A nurse or doctor carries out the test using a speculum to access the cervix.

However, five million women are not up to date, for reasons including fear, pain and discomfort.

“Cervical screening can be difficult for some women for many reasons, like if they have had a bad previous experience, they are menopausal, they have a physical or learning disability, cultural barriers, or are a survivor of sexual violence,” said Athena Lamnisos from charity The Eve Appeal.

Younger women, those with disabilities, and people from ethnic minority communities and LGBT+ groups are more likely to miss appointments.

Researchers say using menstrual blood for HPV testing is convenient, respects privacy and reduces discomfort.

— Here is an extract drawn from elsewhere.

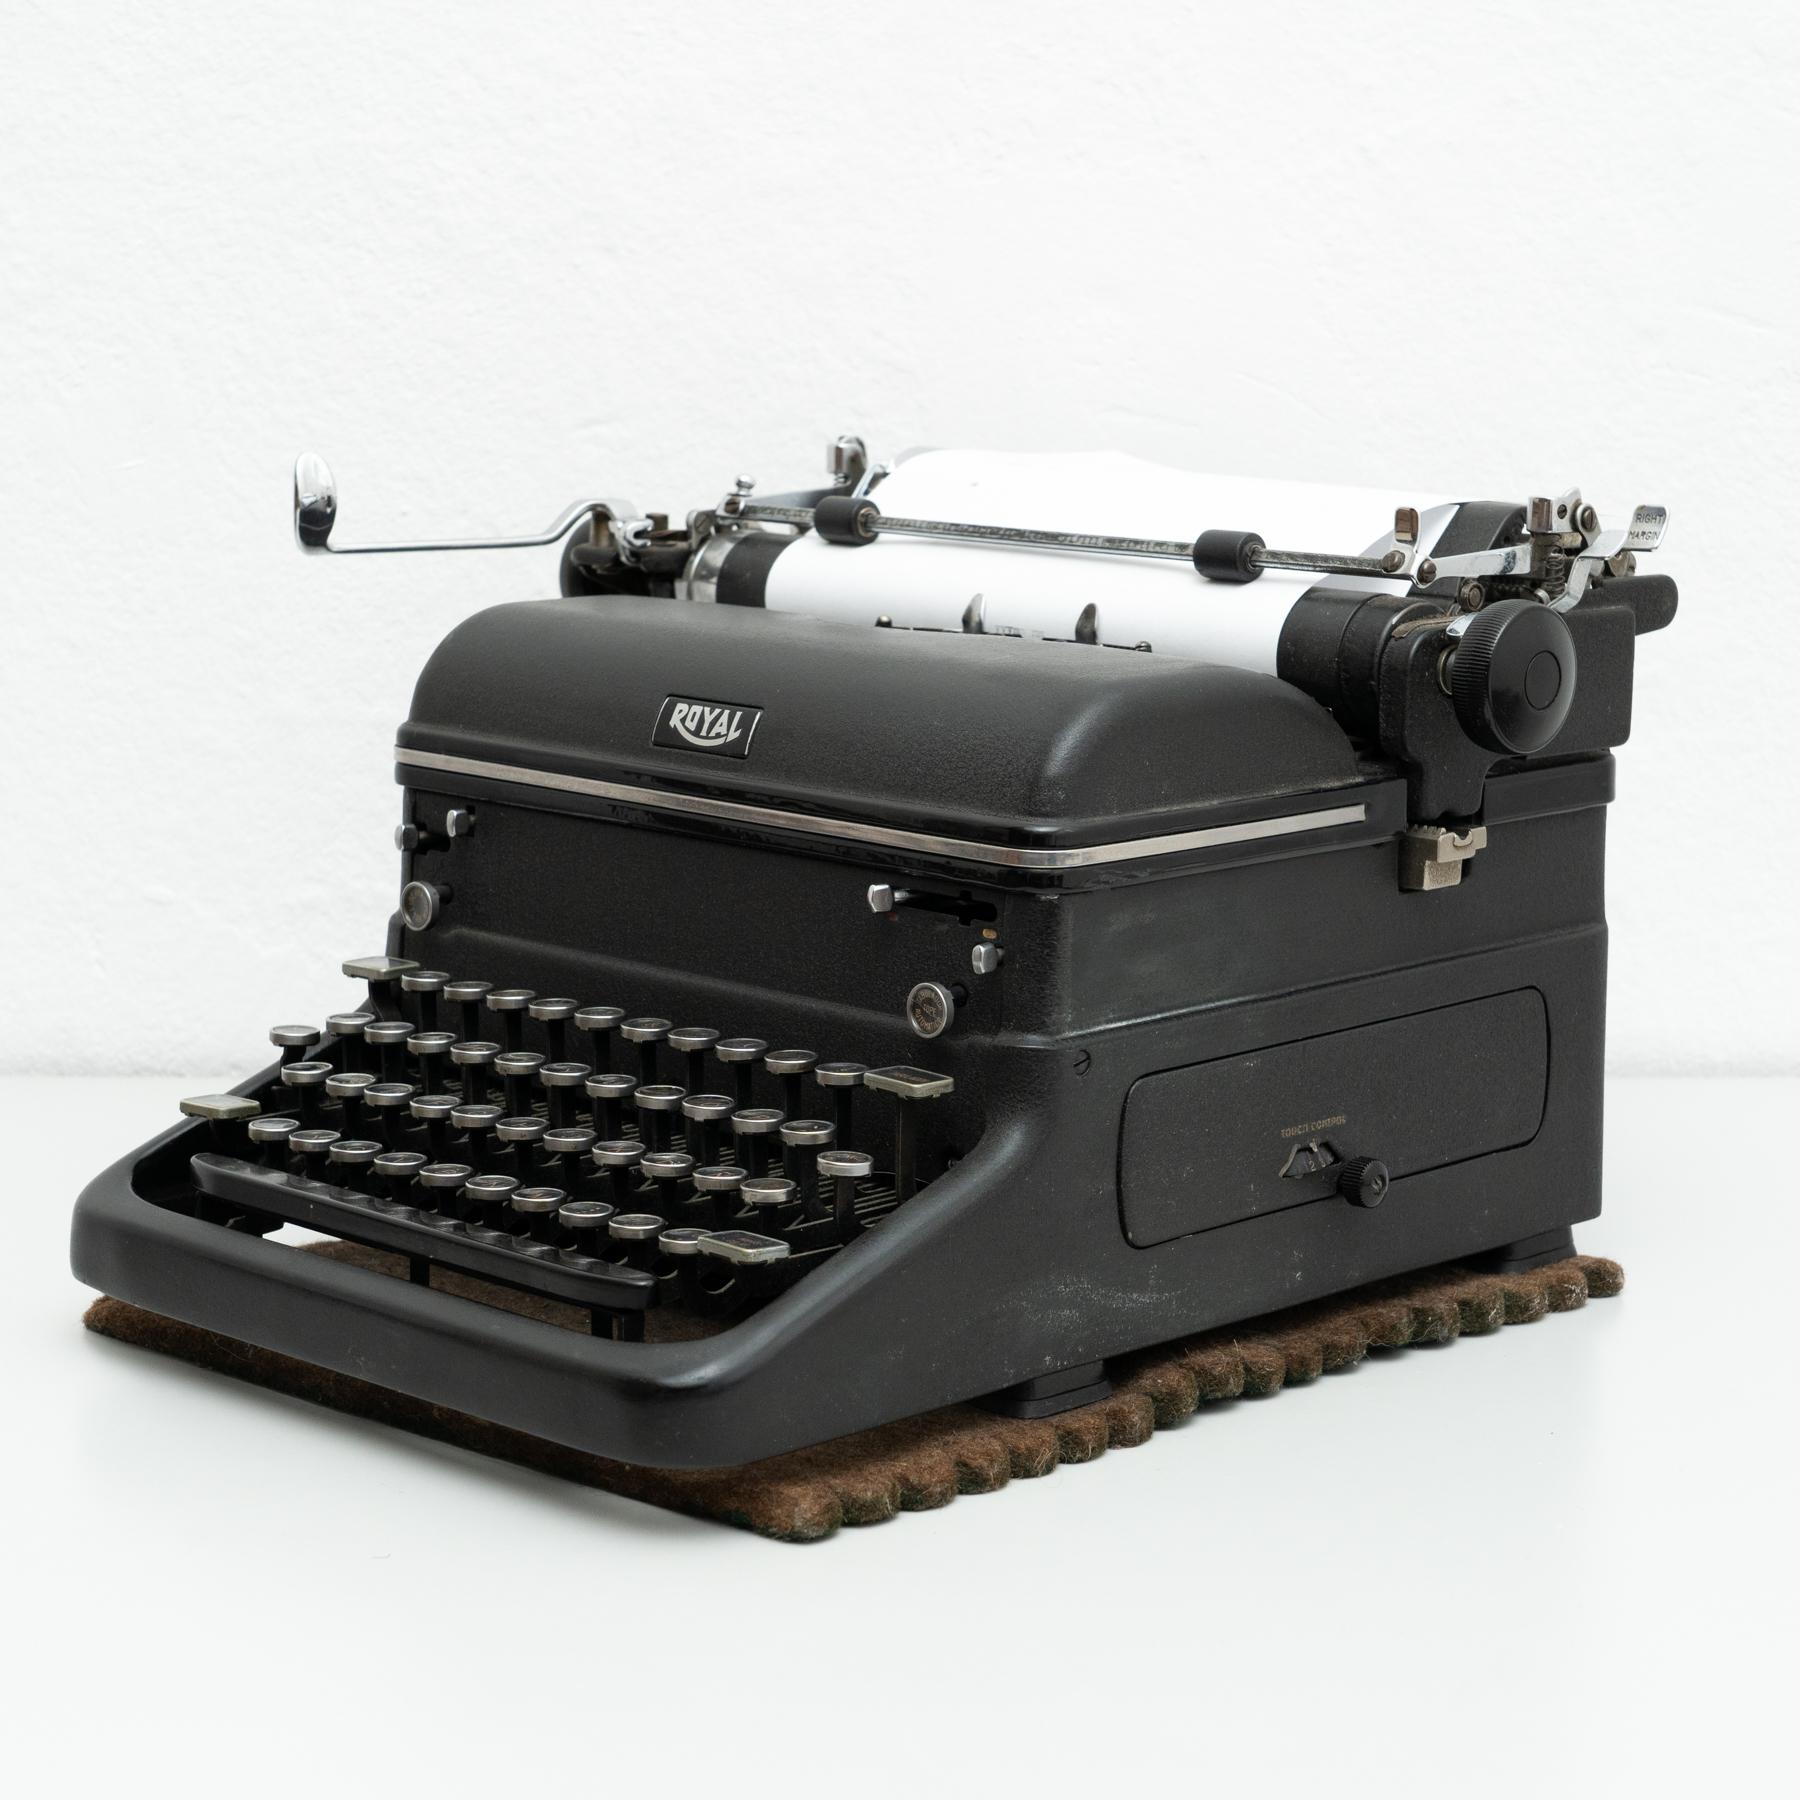 Antique Royal Typewriter Machine, circa 1920 1

Anyone who tests positive for HPV would be sent for a colposcopy, a close examination of the cervix with a magnifying instrument to look for pre-cancerous cells.

Experts caution that period blood tests are not an immediate alternative to current screening because only women who menstruate could use them.

Some also note the study may have overestimated performance because not all participants had a biopsy to double check results.

Sophie Brooks, health information manager at Cancer Research UK, said it was encouraging to see research exploring new ways to make screening more accessible.

She said testing menstrual blood for HPV was an interesting, non-invasive approach but more research in diverse groups is needed to see how it could fit into existing programmes.

Athena Lamnisos added that it was exciting to see more acceptable ways of offering a potentially life-saving test.

“People have different barriers and concerns about screening, so being able to offer a choice of different methods could be very positive for some who are eligible for screening but don’t currently attend,” she said.

The NHS is already sending at-home test kits to women in some areas of England who have missed several screening appointments.

These DIY kits, containing a vaginal swab, will be sent out more widely at some point this year.